We all have a comfort zone where we like to shoot.  For me, it’s open shade with directional light and a slightly darker background with highlights that can be thrown out of focus.  Sometimes, however, out of necessity or because we want to do something different, we find ourselves on the Dark Side… This is a great opportunity to create very cool images, and there are lots of tools to help us out.  There’s the old reliable on-camera flash, rear shutter sync, the movie light or the one on the videographer’s camera, spot lights on the ceiling, high ISO, slow shutter, etc.   I shoot with 2 Nikon D3 cameras, and Mirta uses a D300.  The D3 especially is great in low light, (I can’t wait to start using the D3s).  The newer Canons also do a great job at high ISO’s.  Next time you have the chance, get out of your comfort zone, put on a fast lens, crank up the ISO and have some fun!  I’m sure you’ll be very happy with the results!  Here are a few low light images from recent weddings.  Feel free to send us a comment or question if you like…


Mirta shot the image above in the court yard of the Mission Inn at ISO 1250. f2.8 @ 1/60 with a D300 and a 24 – 70 @ 40mm.  I held an SB8oo flash off camera using a translucent panel as a soft box off camera.  It was outdoors and very, very dark!  The high ISO and the light on the wall behind help separate the subject.


This was shot in a dark Beverly Hills Hotel bungalow with the bride leaning on a chair and the background is the TV armoire.  I used a 24-70 @ 2.8 at 1/125 with ISO 800 and my trusty movie light on a boom.  It was very sunny outside so I thought I’d give the client something besides outdoor portraits since she liked the old Hollywood art deco feel of the property.


Same wedding, first dance shot with the videographer’s movie light in the back… If you can’t beat them…  This was a very dramatically lit ballroom, and the videographer’s light sometimes became a problem, so  we used it when we could to create a little drama of our own.  Mirta shot this with her D300, 24-70 @ f.4.5, 1/60 with a little flash and 1000 ISO


Also same wedding during the USC Band performance.  This was my D3 with the 14-24 at f.10 and 1/10 with ISO 1000 and a little on-camera flash.  These guys were great, but you gotta work fast!
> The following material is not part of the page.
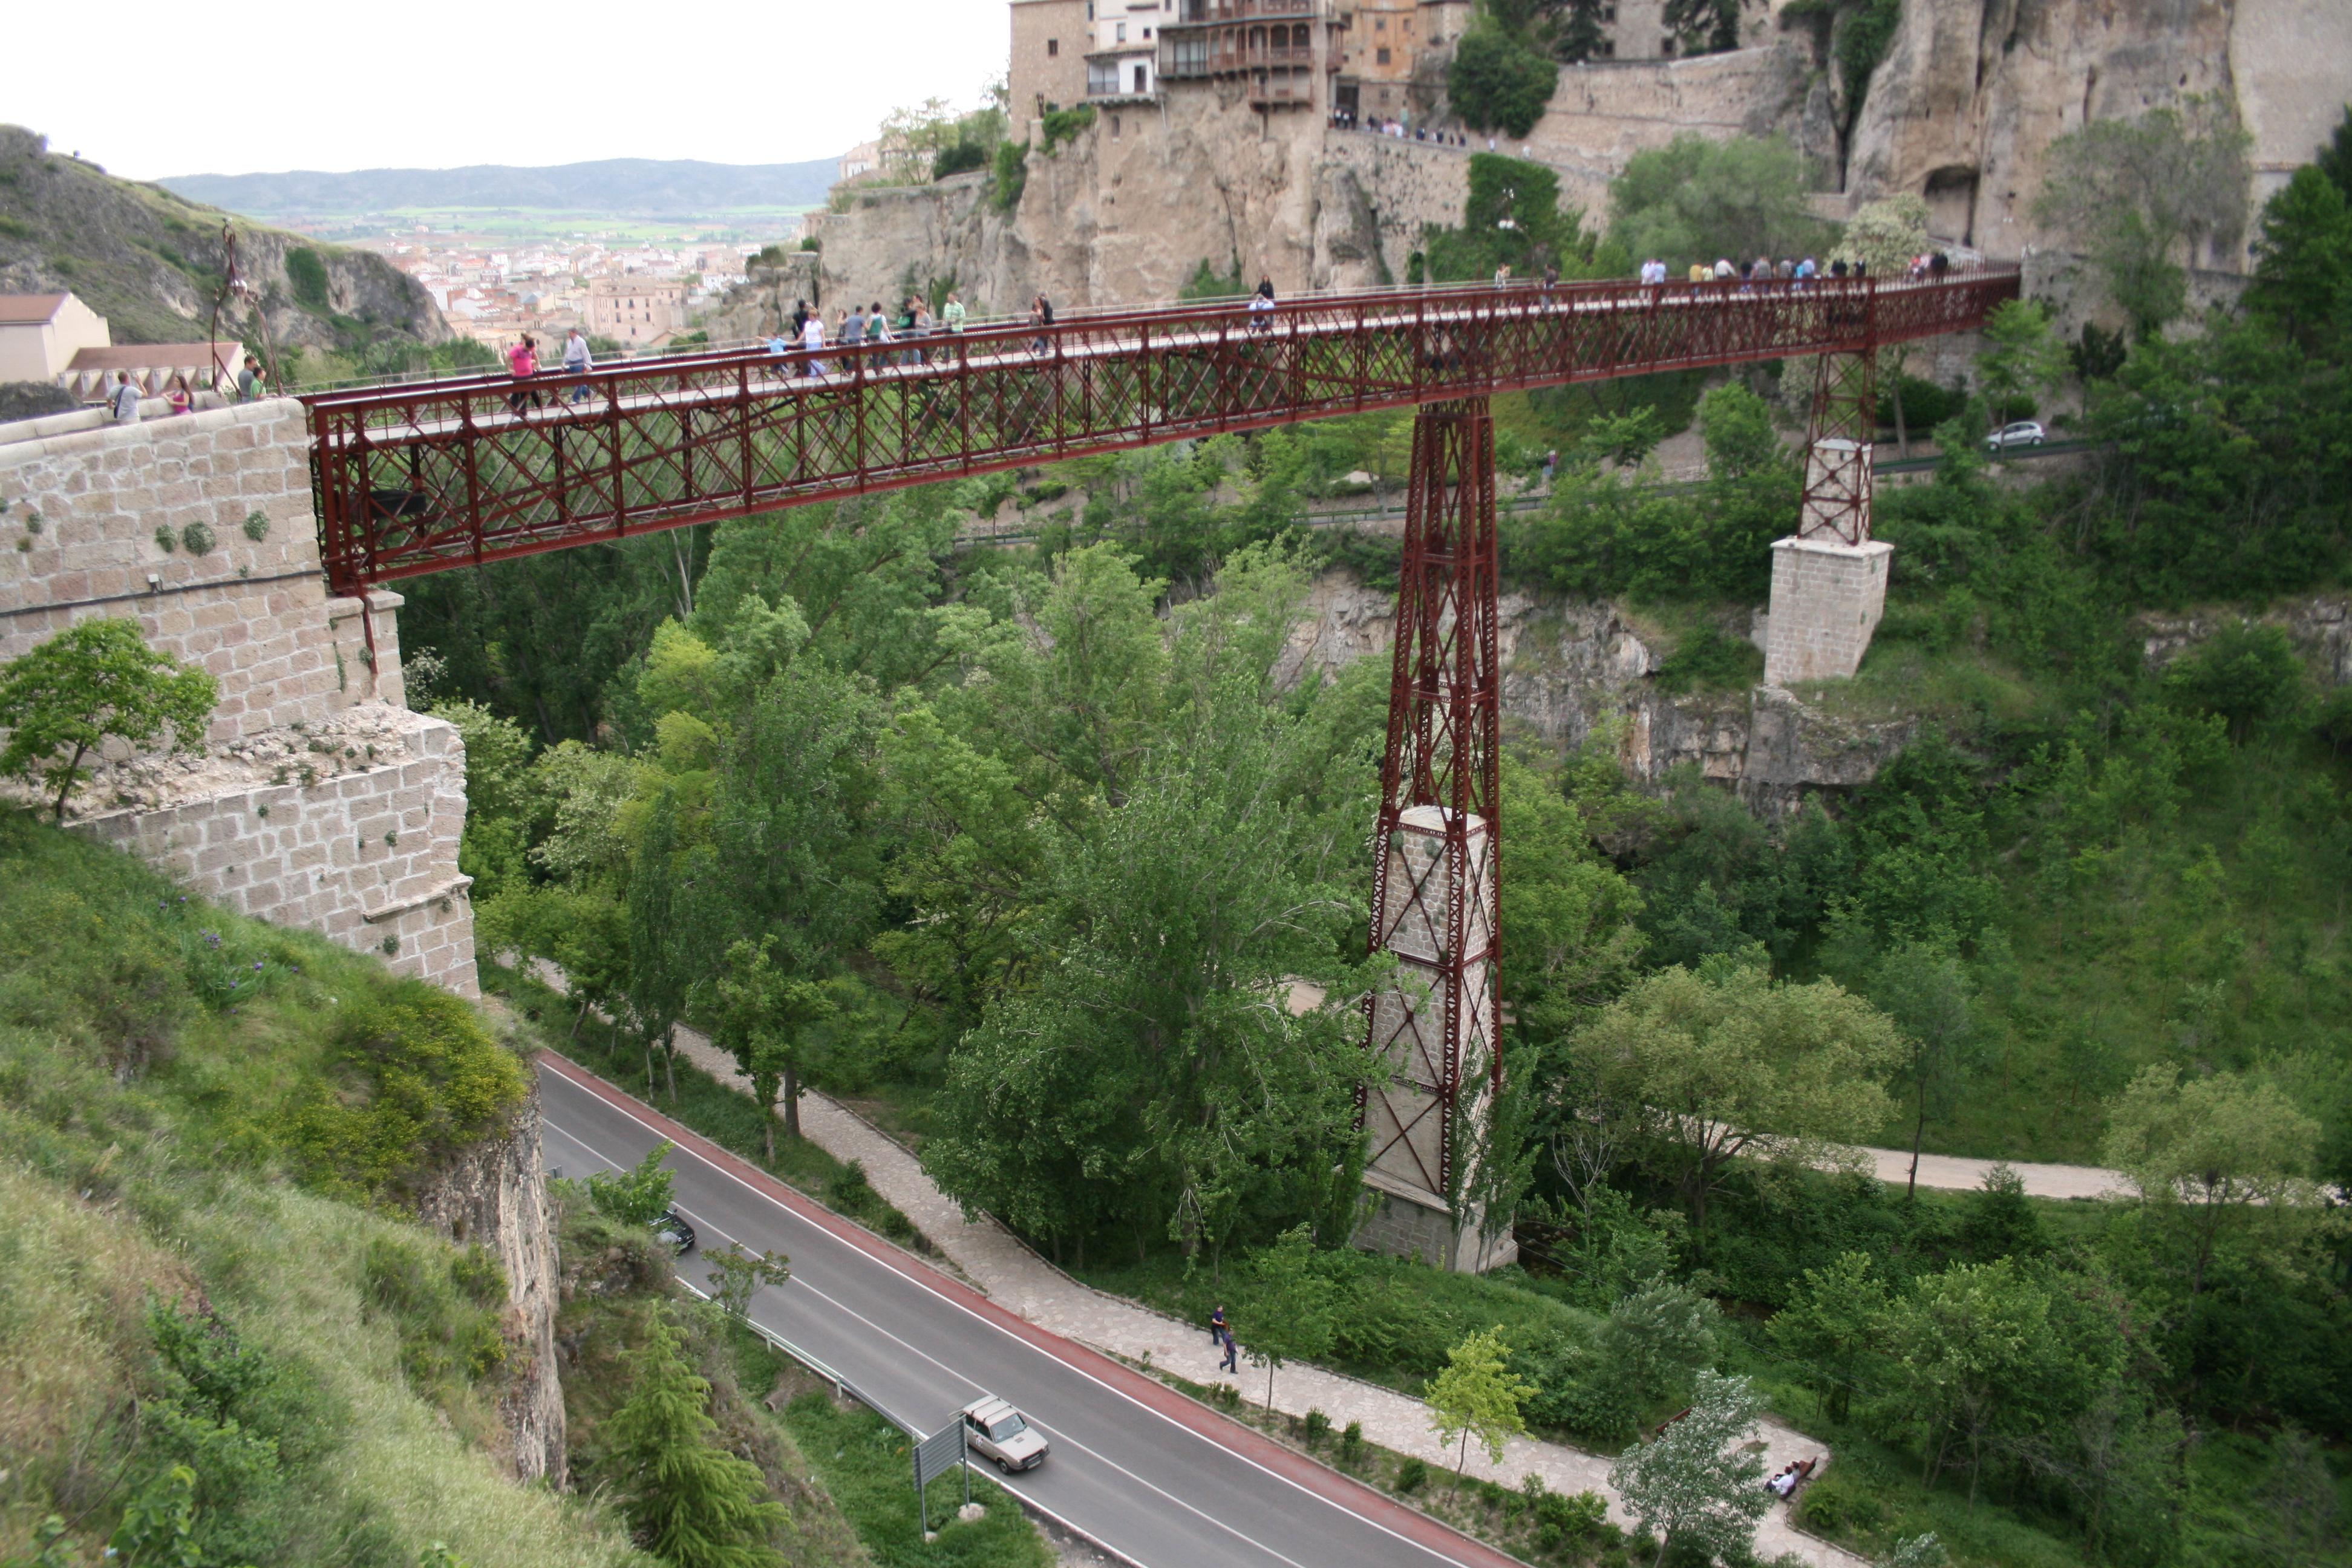 Archivo:Puente de San Pablo (Cuenca).jpg - Wikipedia, la ...

This is New York’s Time Square of course, after an all day engagement session.  We had just come from having dinner after finishing the daylight stuff on the Brooklyn Bridge at dusk.  D3 with a 24-70 @ 3.2 and 1/320 with 1250 ISO, Tungsten setting some exposure compensation and the trusty movie light on a boom.


Same day in the subway on the way to our hotel.  We love working in New York.  No one even gives you a second look when you’re shooting.  This was a D3 with an 85 1.4 @ 1.8.  1/125 with 2000 ISO and a little kiss of fill light from the on-camera flash bounced of the ceiling.  This was a great session.  Our couple couldn’t stop kissing, and we didn’t mind it at all…
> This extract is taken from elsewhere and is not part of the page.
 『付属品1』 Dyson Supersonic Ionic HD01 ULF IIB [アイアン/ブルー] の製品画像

This was on the top floor of “The Hotel” in Las Vegas, Mix Restaurant; their logo is the big X.  We had just tried to get some views of the City but the terrace was closed because it was dangerous due to strong winds, it was also very cold!  We were waiting for the elevator to leave when I noticed our couple was standing under a ceiling spot light. I asked them to embrace, and then I told him to bite her in the neck , of course,  she threw her head back looking up, and bingo!  D3, 24-70 @ 3.5 and 1/50 with ISO 1250 and a little on-camera flash bounced off the ceiling with a bounce card.  Right after this shot the elevator doors opened and about 10 loud people filled the very small area.


Just before we left The Hotel, I noticed there was no one in the beautiful lobby, (maybe it’s because it was almost 3 am), so I thought we’d do a few shots there.  We got great stuff! This is one of them.  The walls are great, the whole place is very dark and they have very cool, small lighting fixtures on the wall.  Here I used some camera tilt, leaned her against the wall, braced myself on the opposite wall and went at it.  We also added the groom later, did some verticals, etc.  A very dark and unusual place but it worked out great!  I shot this with the D3 and the 24-70 at 38mm.  2.8 @ 1/40 with 2000 ISO and the on-camera flashed bounced off the wall behind me way down for a little fill.

Limo pop

The image above and the next two are from the same wedding, (the couple from the Vegas engagement session above).  They were sooo much fun to work with!  Mirta shot this image on the way to the ceremony. We were all in the long limo, the couple were in the back seat, our assistant and I were sitting on the long side seat and Mirta was sitting with her back to the driver  facing the couple.  She shot their reflection on the mirrored ceiling of the limo.  because of the movement of the car and the slow shutter speed, some of the images were soft, this one came out great!  It looks so much better in black and white, and of course, we had to invert it.  As you can see, because it’s a reflection, you can see the boutonniere is on the wrong side.  D300 w/ 24-70 @ 2.8 and 1/60 with 1600 ISO.


Details, details…  The race to get room and decor images before the guests come in… We never get enough time, and the staff never realizes that even if they standing against the wall they are in the shot!!  But somehow, we always get it done and then it’s party time…  This is The Island Hotel’s ballroom beautifully decorated by Square Root.  I try not to use a tripod for these shots, it takes too long to set up.  This is the D3 with the fish eye, f. 2.8 at 1/80 matrix metering with exposure comp. ISO 1250 with a little on-camera flash fill.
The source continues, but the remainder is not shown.